We plotted the mean release of masking scores (as percentage difference) across different SNR in Figure 3. MANOVA measured the effect of music training and fatigue on the temporal release of masking. Table 4 shows the MANOVA results. As noted from the table, musicians had a significantly better release of masking scores from +10 dB to -5 dB SNR. At -10 dB SNR, the effect size was.019, indicating that such a result may be due to the chance factor. We later split the data and measured the effect of music training independently in pre-fatigue and post-fatigue conditions. Musicians had a significantly better release of masking abilities than nonmusicians in the pre-fatigue conditions, except at -10 dB SNR. The effect size at -10 dB SNR was .012, showing that the results may be due to the chance factor. However, in post-fatigue conditions, no significant difference in the release of masking scores was noted between musicians and nonmusicians at all SNR levels.
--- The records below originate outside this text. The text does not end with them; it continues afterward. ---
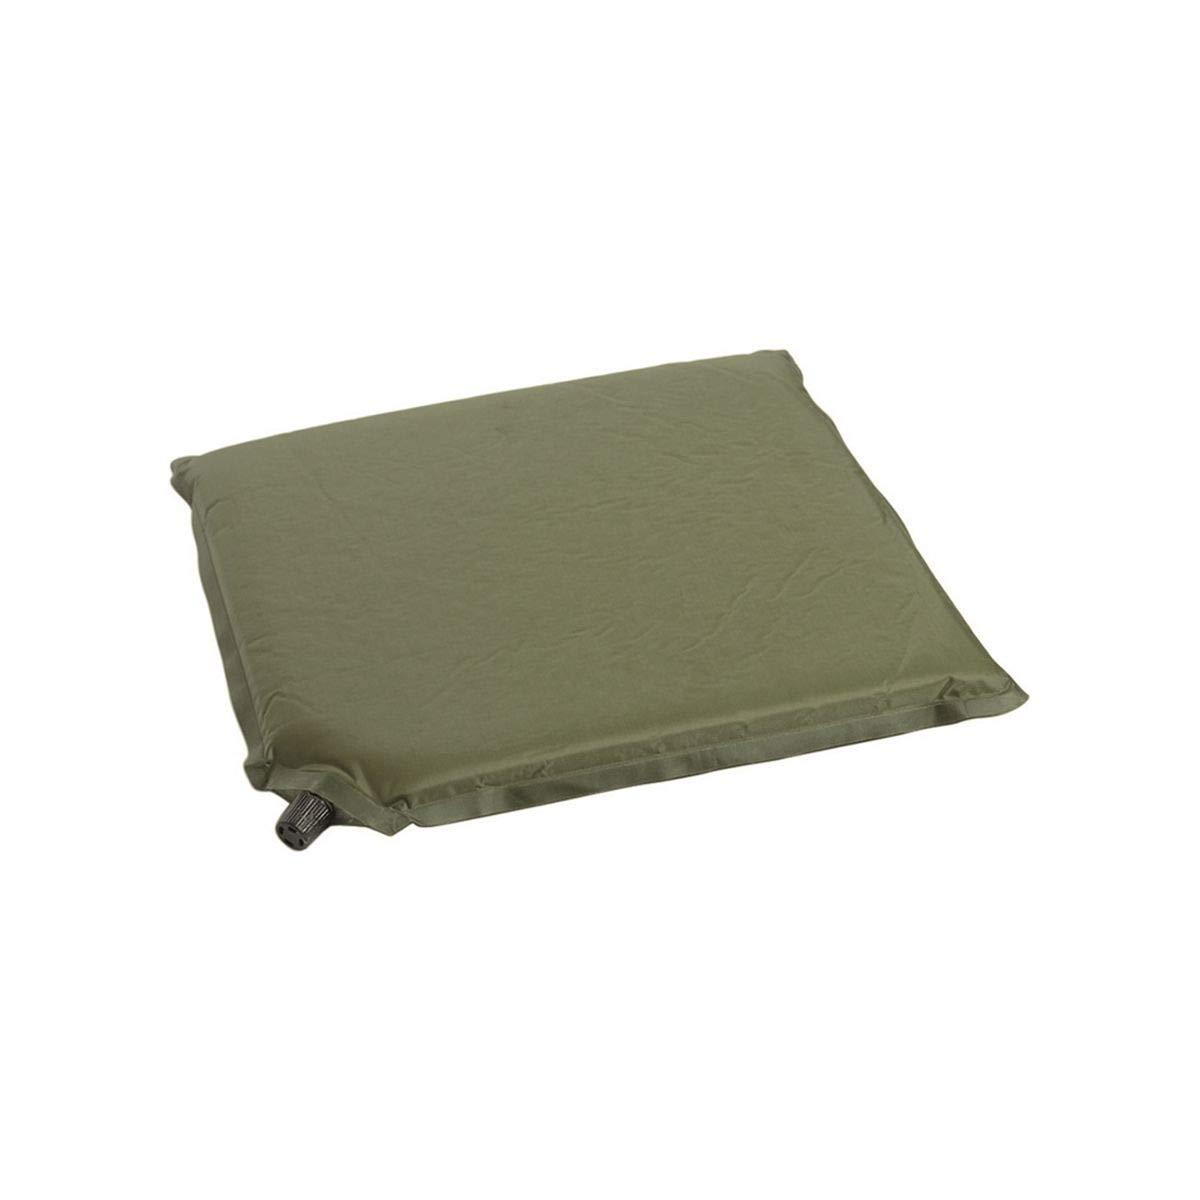 Wandern Schaumstoffmatte zum Sitzen Olivengr/ün selbstaufblasbar f/ür Camping Outdoor 35 x 32 cm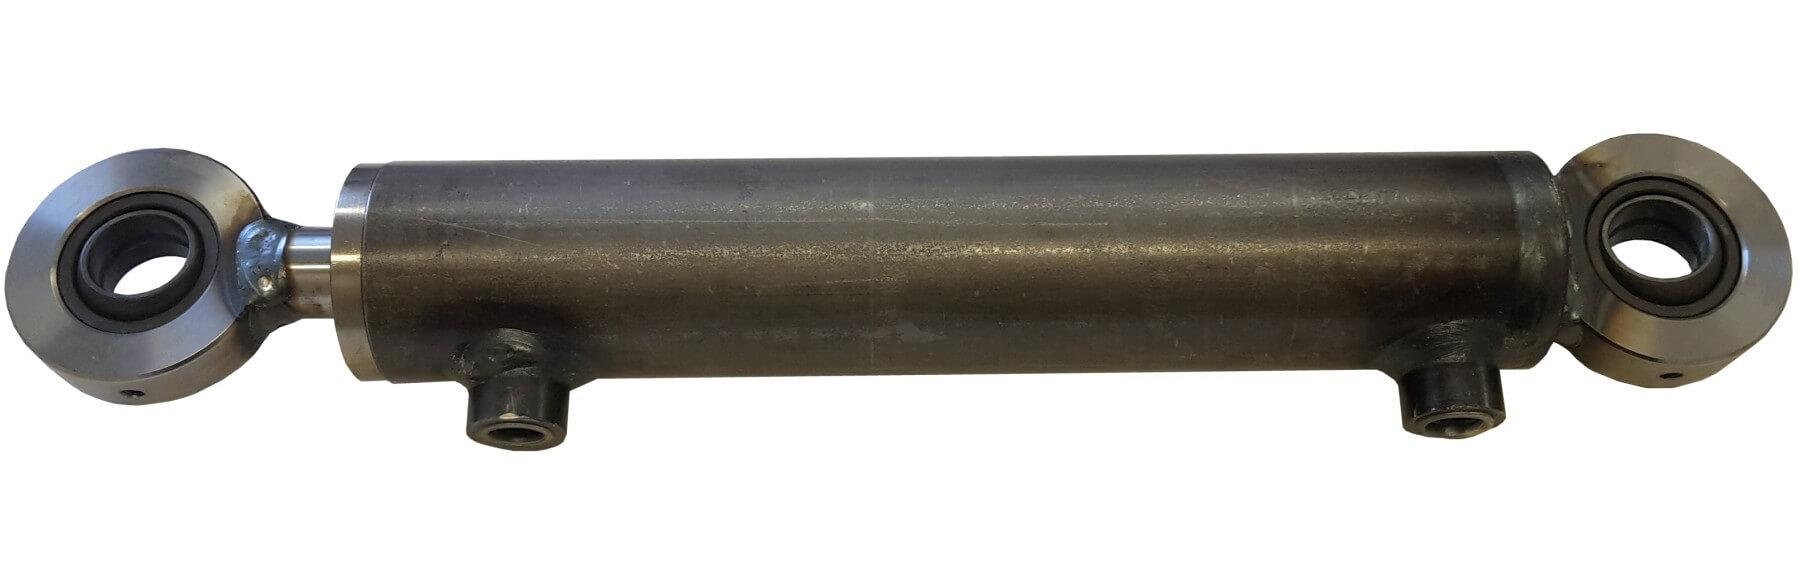 Hydraulisylinteri CL 40. 25. 500 GE - Kailatec Oy Verkkokauppa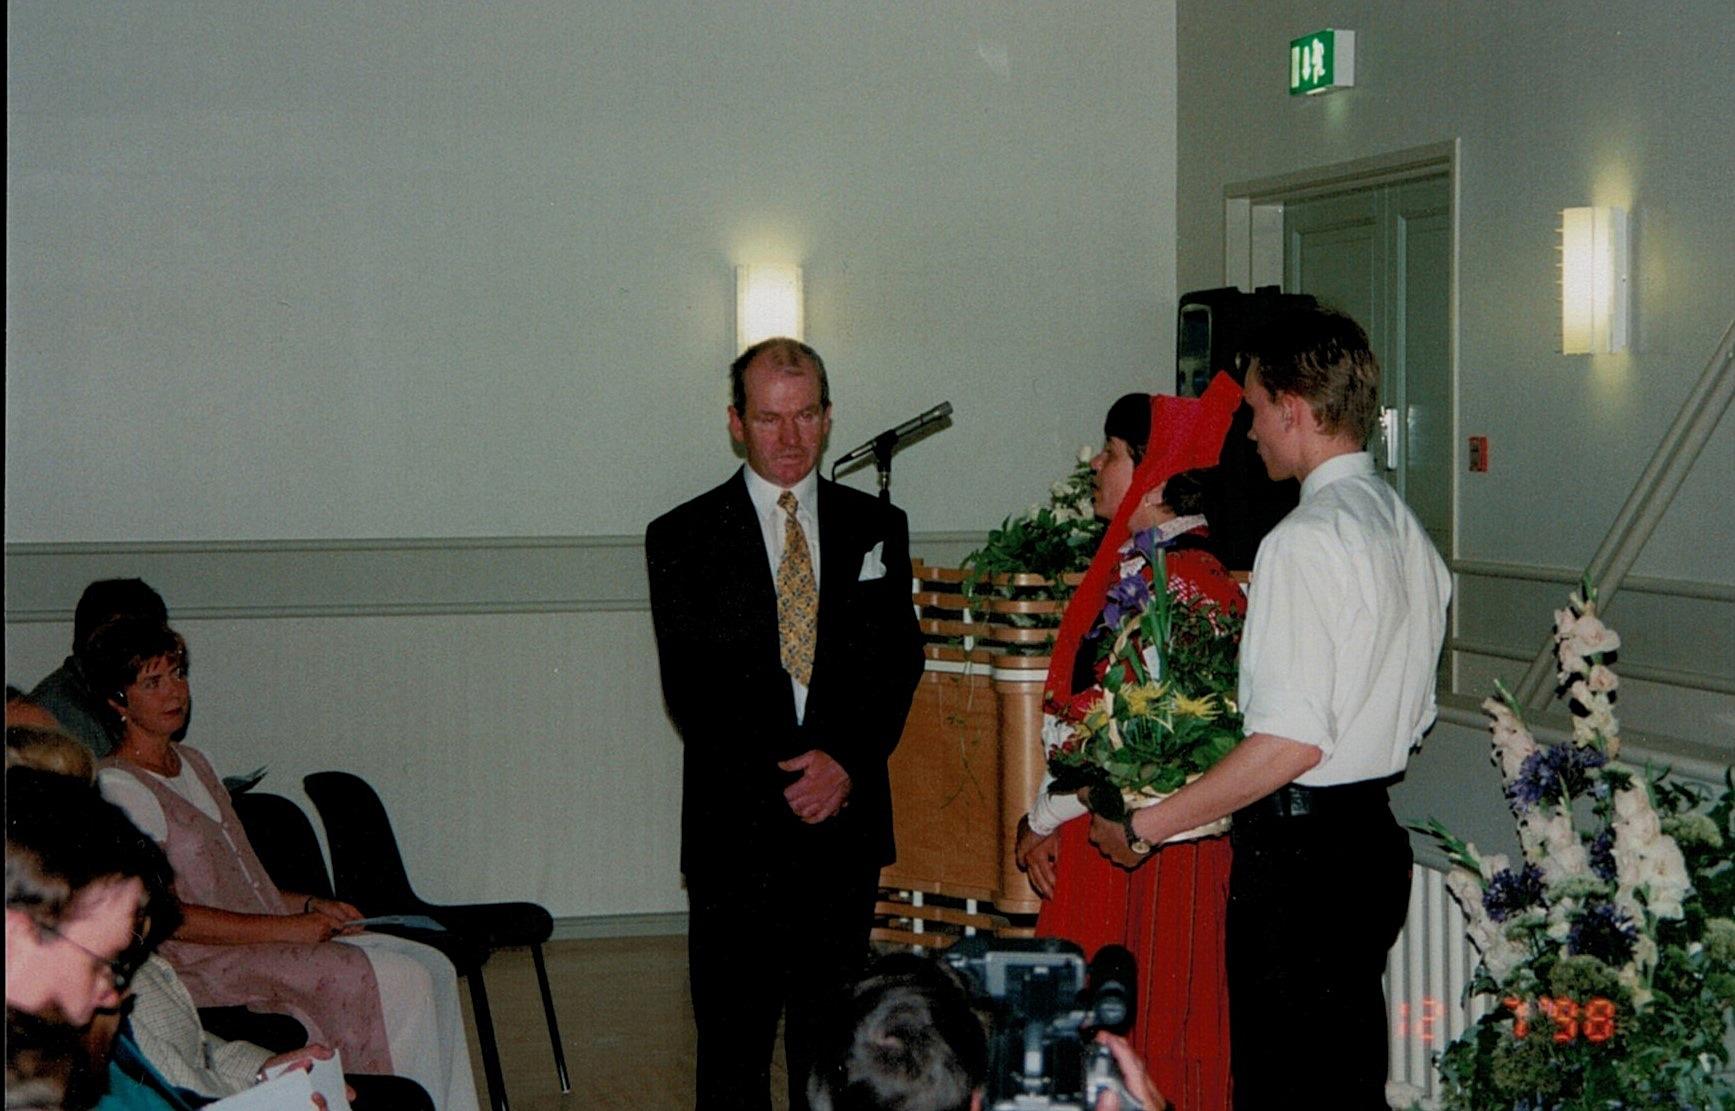 Kurt Backlund som under byggnadstiden fungerat som byggnadskommitténs ordförande blir uppvaktad med blommor på invigningsfesten av Åsa Ekman och Niklas Rosengren.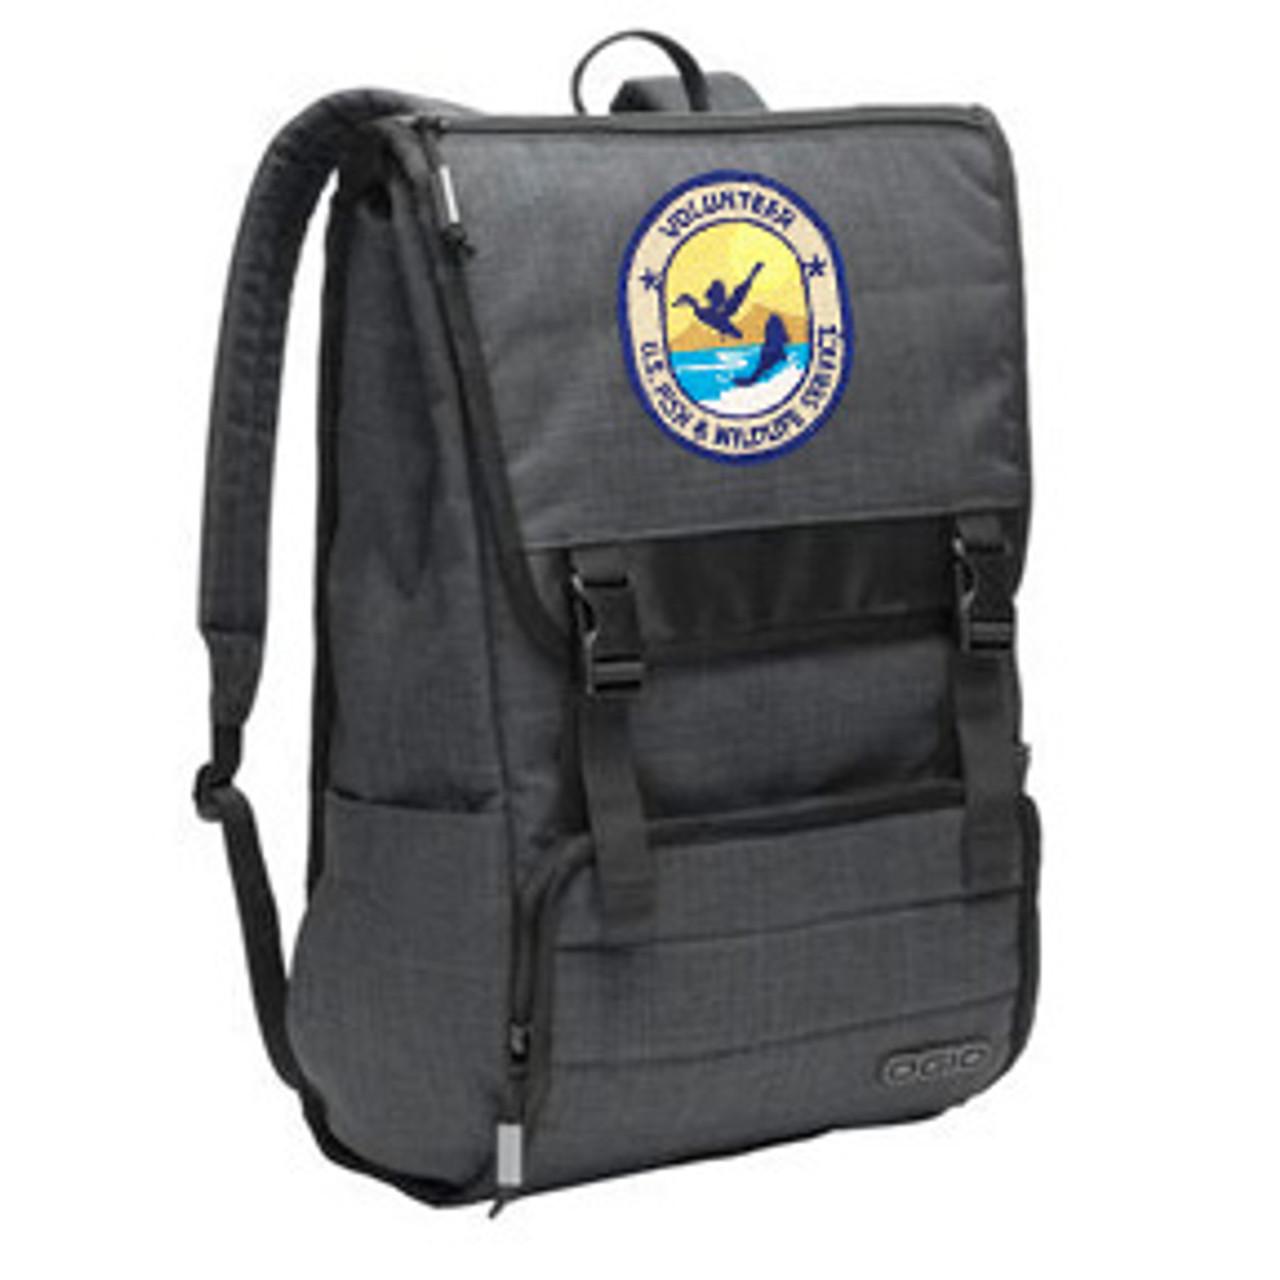 OGIO Compu-pack Backpack (NM)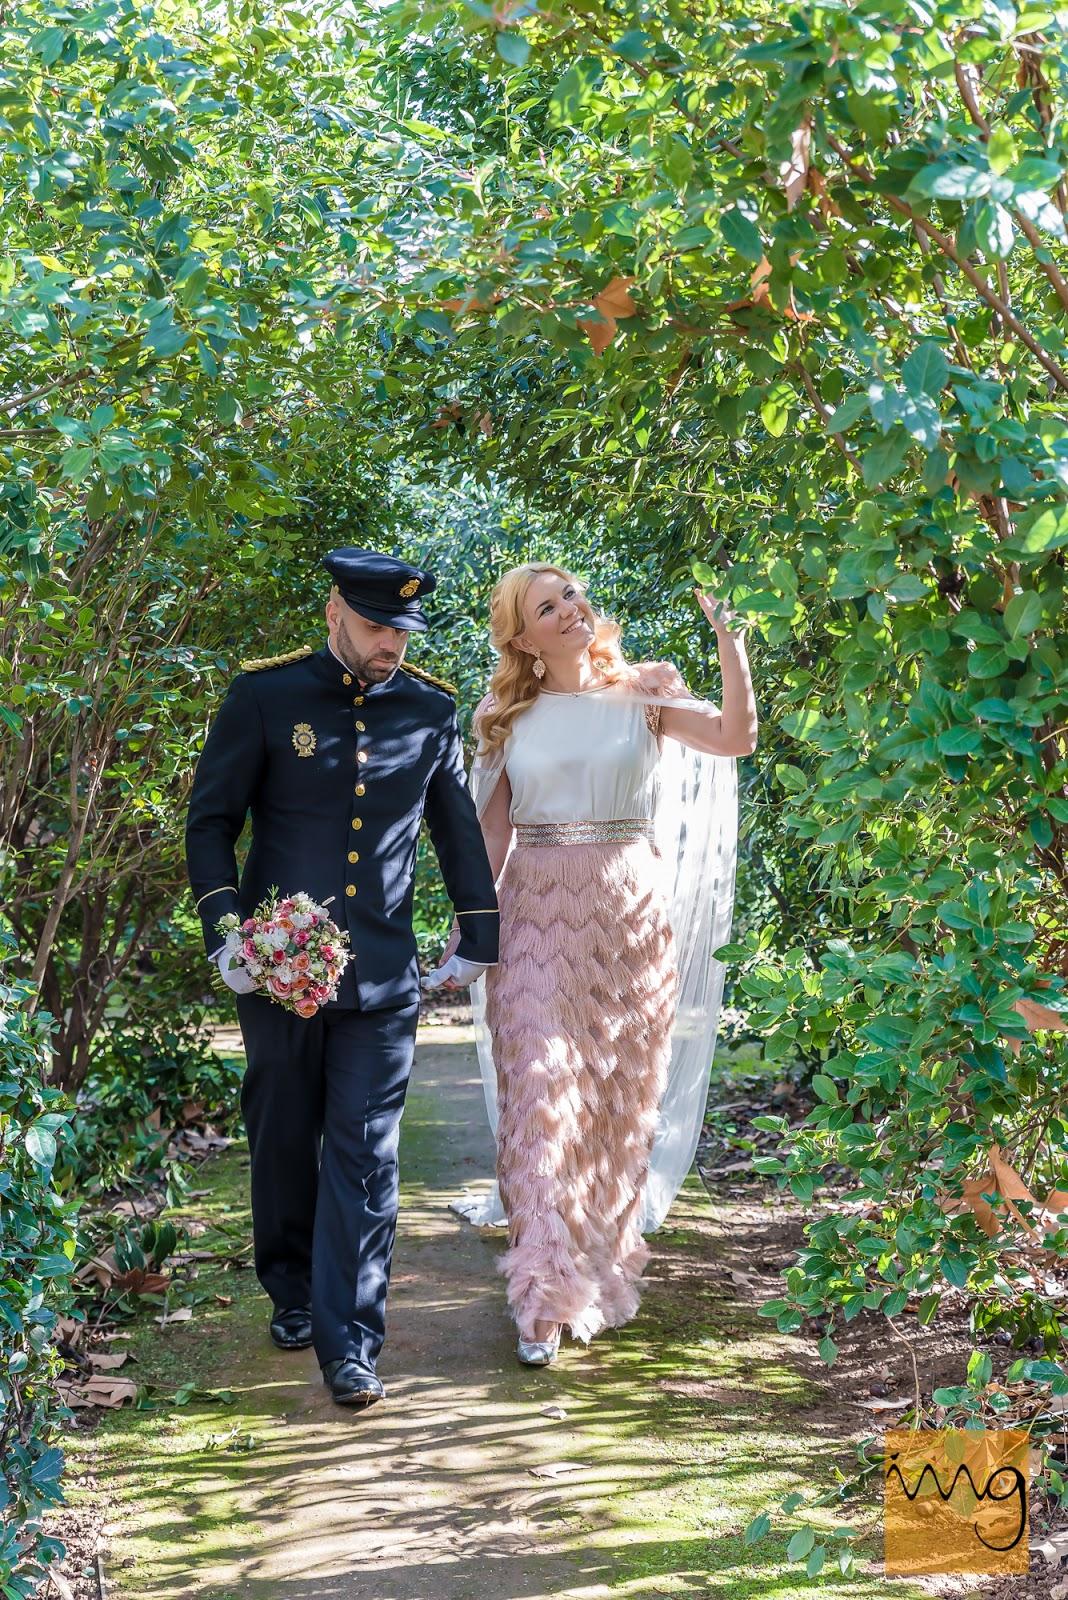 Fotografía de boda. Recién casados paseando por los jardines

Hence, we inferred that fatigue neutralized the music training-related advantage in the release of masking scores.

Figure 3.

The mean release of masking scores at different SNR levels by musicians and nonmusicians in pre-fatigue and post-fatigue conditions.

Figure 3.

The mean release of masking scores at different SNR levels by musicians and nonmusicians in pre-fatigue and post-fatigue conditions.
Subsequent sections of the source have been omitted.